4 Tips: How To Get Your Workouts In During The Holidays

Easy Ways to Get Your Workouts In During the Holidays

The holidays are full of joy, gatherings, and traditions—but they can also throw your routine completely off track. Between travel, family staying over, endless food, and a packed social calendar, squeezing in a workout can feel impossible.

Here’s the truth: you don’t need hours at the gym to stay consistent. Even short, intentional bursts of movement can help you keep your energy up, manage stress, and feel good in your body through the busy season. Think of it as “maintenance mode”—you may not be chasing new PRs, but you are protecting your health and momentum.

Here are 4 simple, realistic ways to fit in your workouts during the holidays.


1. Time-Cap Your Workouts

Don’t skip movement just because you don’t have an hour. A solid 20–30 minute workout is more than enough to boost your energy and metabolism. Short, focused sessions like HIIT, bodyweight circuits, or Tabata-style training give you maximum results in minimum time.

Try sneaking in a quick workout first thing in the morning before guests wake up or in the window between holiday parties. Here’s a sample 20-minute cardio workout you can do anywhere:

20-Minute Cardio Blast (RPE scale 1–10)

  • Warm-Up: 2 minutes at RPE 4 (moderate pace)

  • 1 minute at RPE 5

  • 1 minute at RPE 6

  • 1 minute at RPE 7

  • 1 minute at RPE 8 (hard!)

  • Repeat that 4-minute cycle x4

  • Cool Down: 2 minutes at RPE 4

Done in 20 minutes—and you’ll feel amazing.


2. Make It Social

Who says workouts have to be solo? Invite your family and friends to move with you:

  • Take a walk before breakfast or after dinner.

  • Go ice skating, skiing, or sledding if you’re in a colder climate.

  • Play a family game that includes movement (charades, scavenger hunt, “squats between turns” Pictionary).

Not only does this keep everyone active, but it also creates memories and traditions centered around health.

 
 


3. Take Turns

If you’re juggling childcare, hosting, or other responsibilities, try rotating workout time with your spouse, sibling, or a friend. While one person watches the kids or preps the meal, the other can get in a run, yoga flow, or gym session. Then switch.

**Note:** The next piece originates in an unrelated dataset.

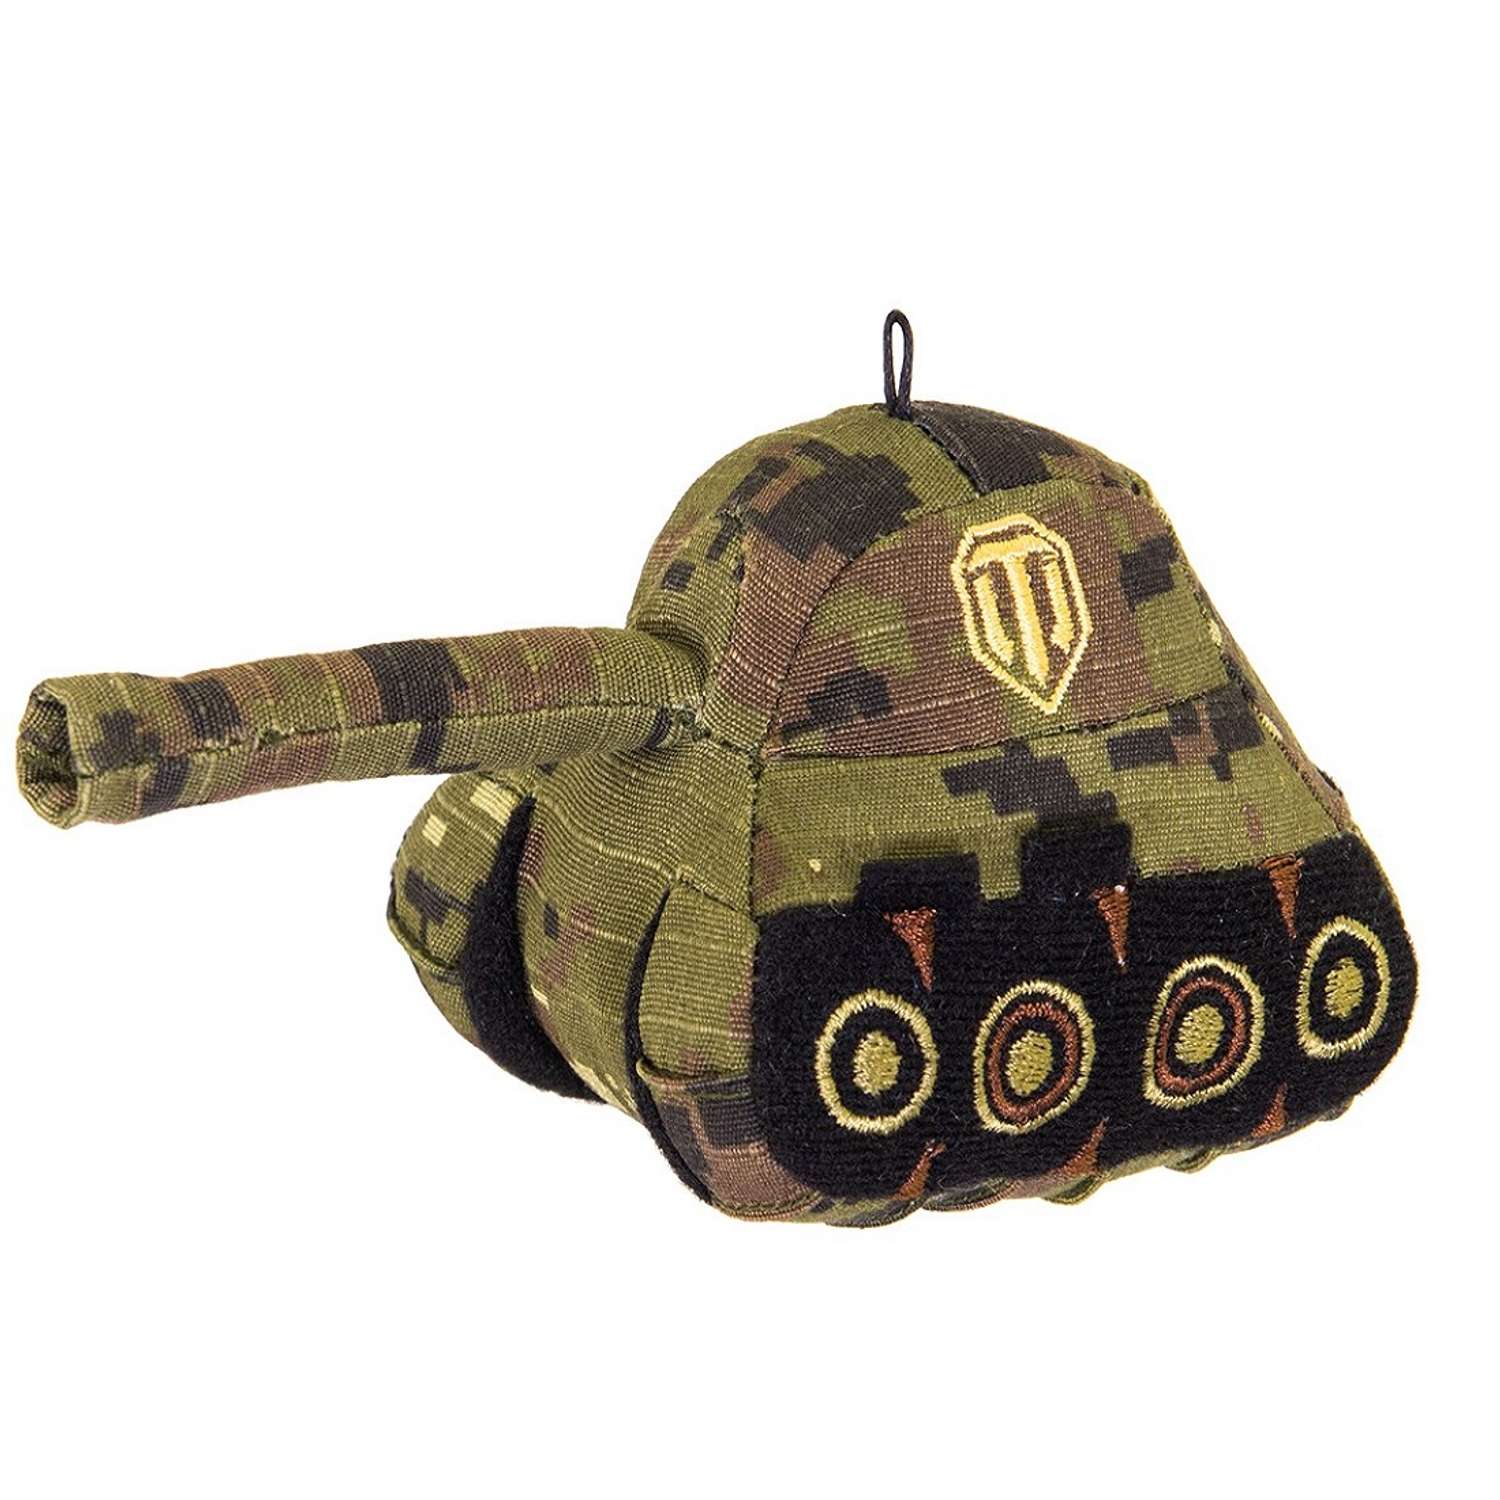 Мягкая игрушка World of Tanks в виде танка зеленый хаки - фото 1
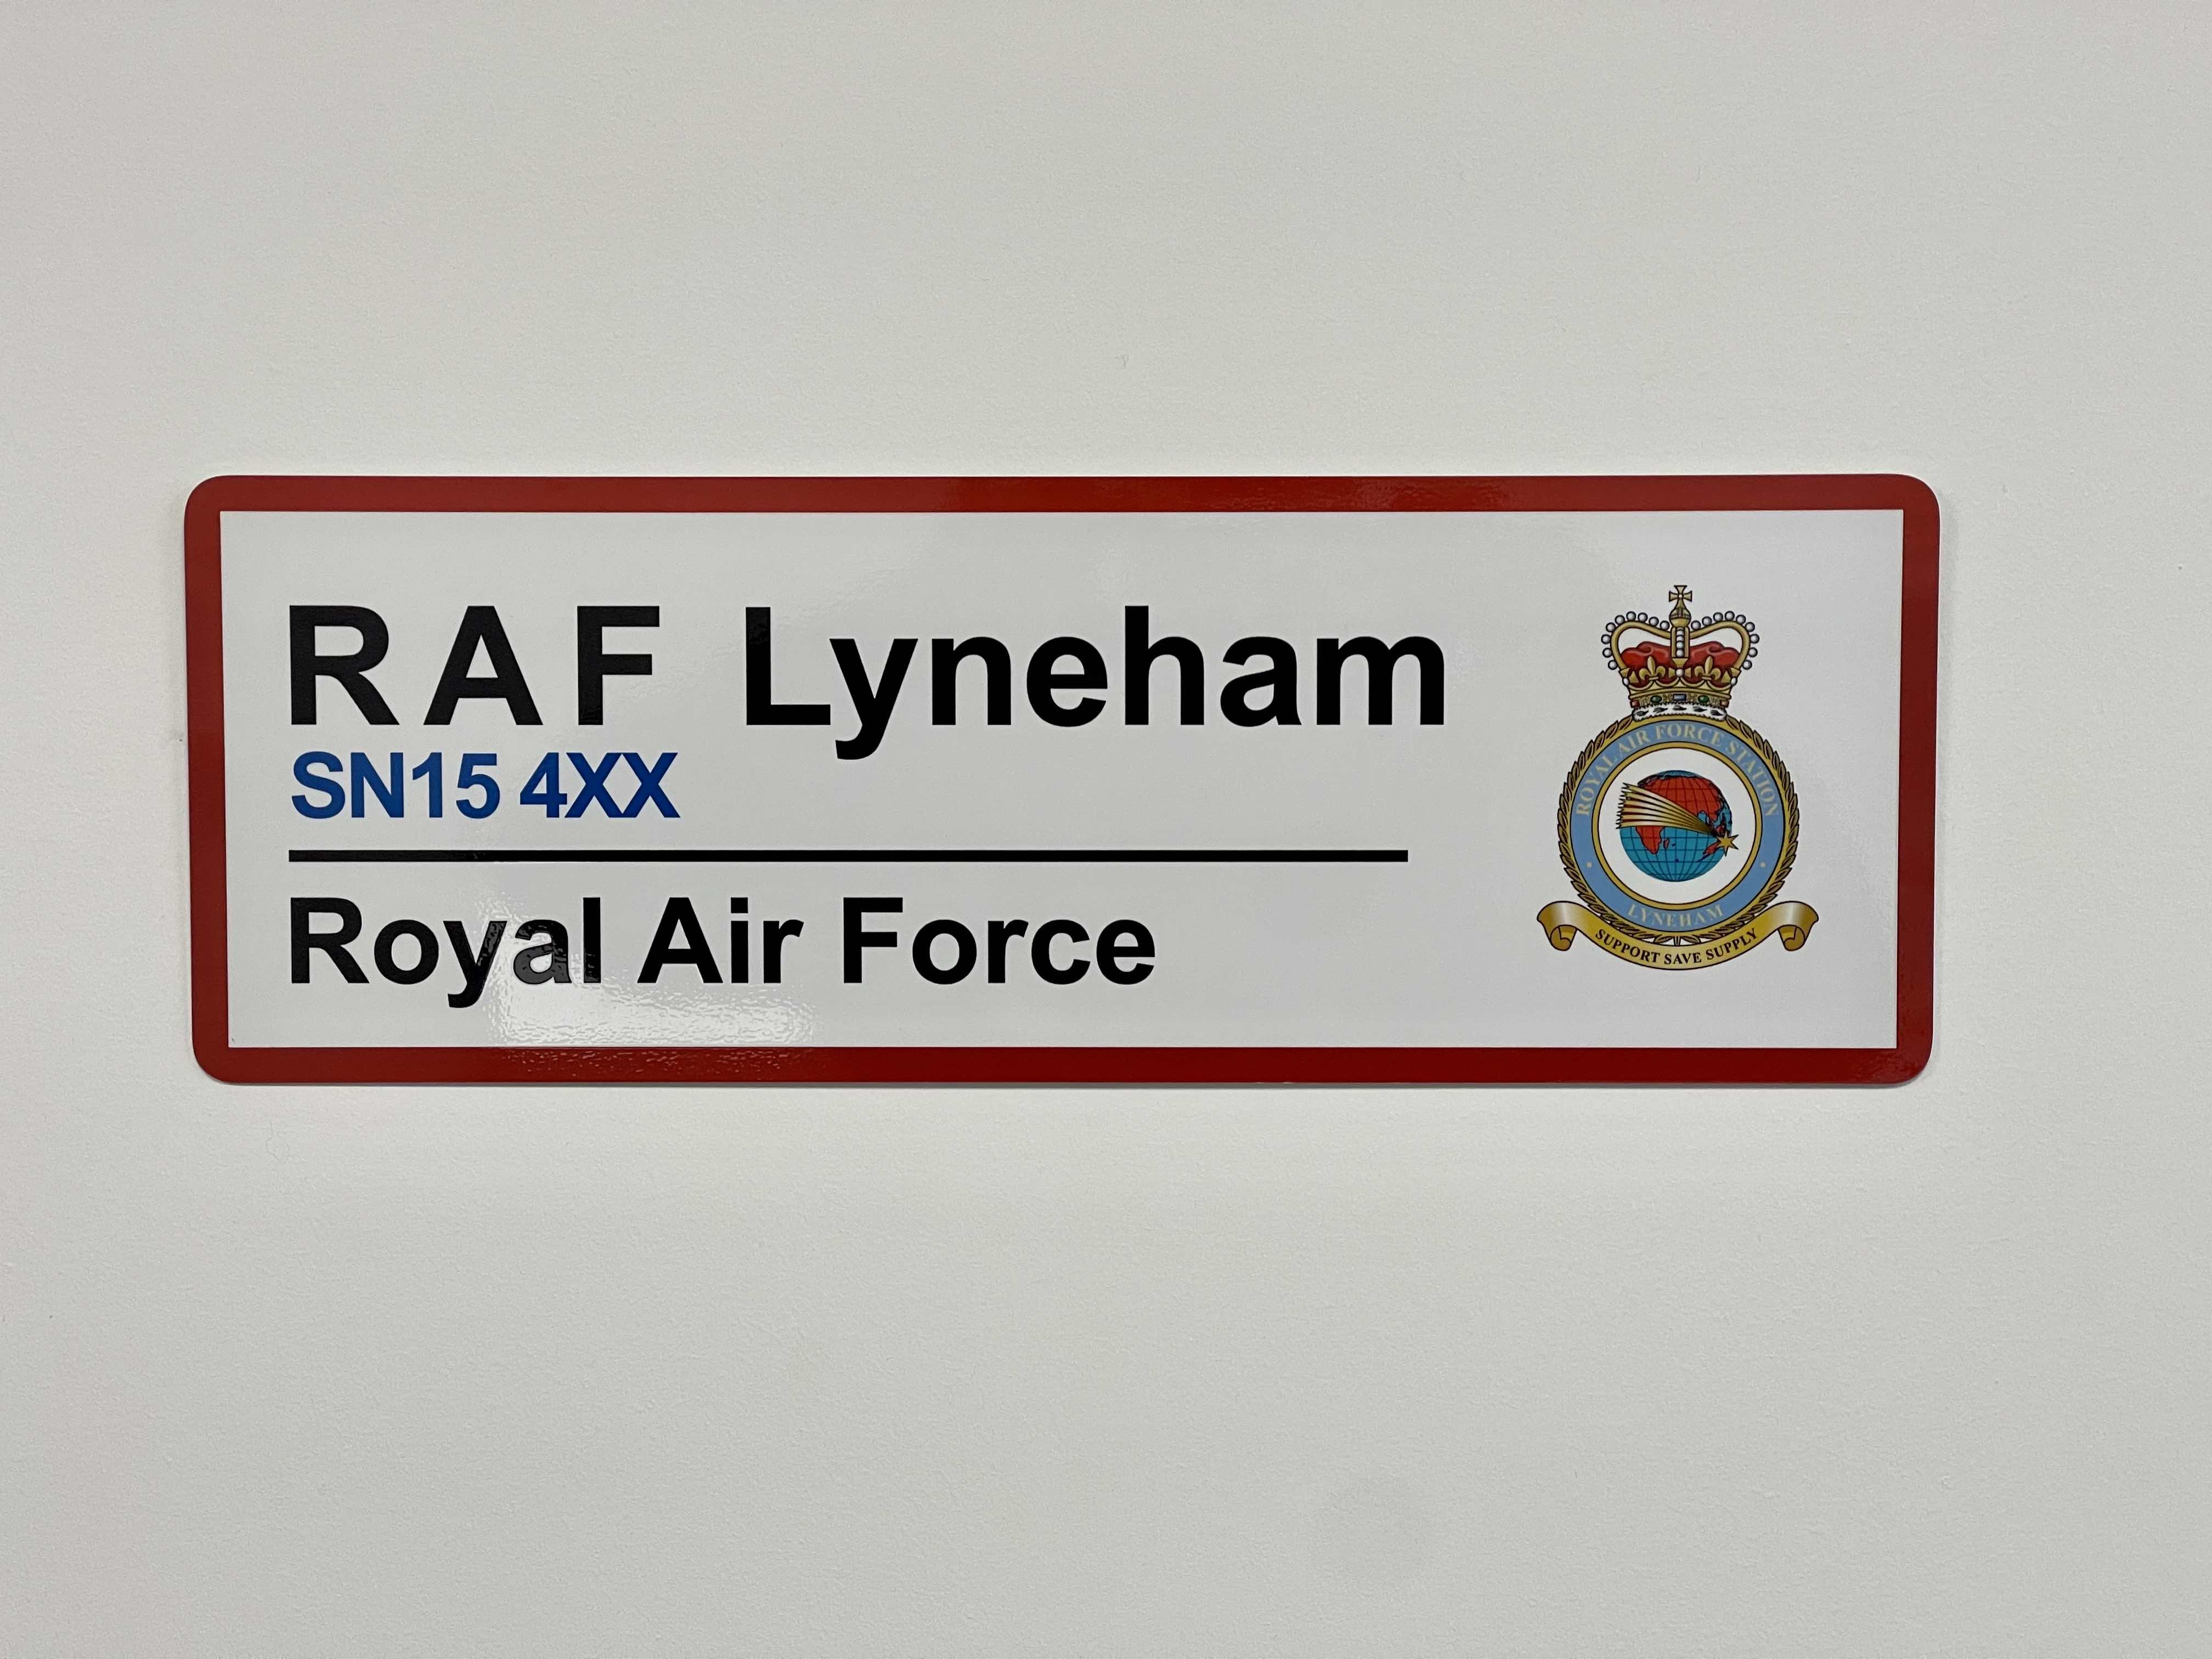 RAF Station Wall Sign

This “tag team” approach gives you both the freedom to move while keeping everything else covered.


4. Try Something New

The holidays are the perfect excuse to mix up your routine. Sign up for a holiday 5k walk/run in your town, try snowshoeing or cross-country skiing, or rent kayaks if you’re in a warm climate.

If formal workouts feel unrealistic, create little “mini-challenges” for the family:

  • Who can hit the most steps in a day?

  • How many push-ups can you do before dinner?

  • Can we all stretch for 10 minutes before bed?

Fun counts as fitness, too.


Bottom Line

The holidays don’t have to derail your health goals. Even if your workouts look different for a few weeks, the key is to keep moving in a way that feels doable. A short sweat session, a family walk, or an active holiday tradition all count.

Stay consistent, flexible, and creative—you’ll head into the New Year feeling strong, energized, and proud that you kept your health a priority.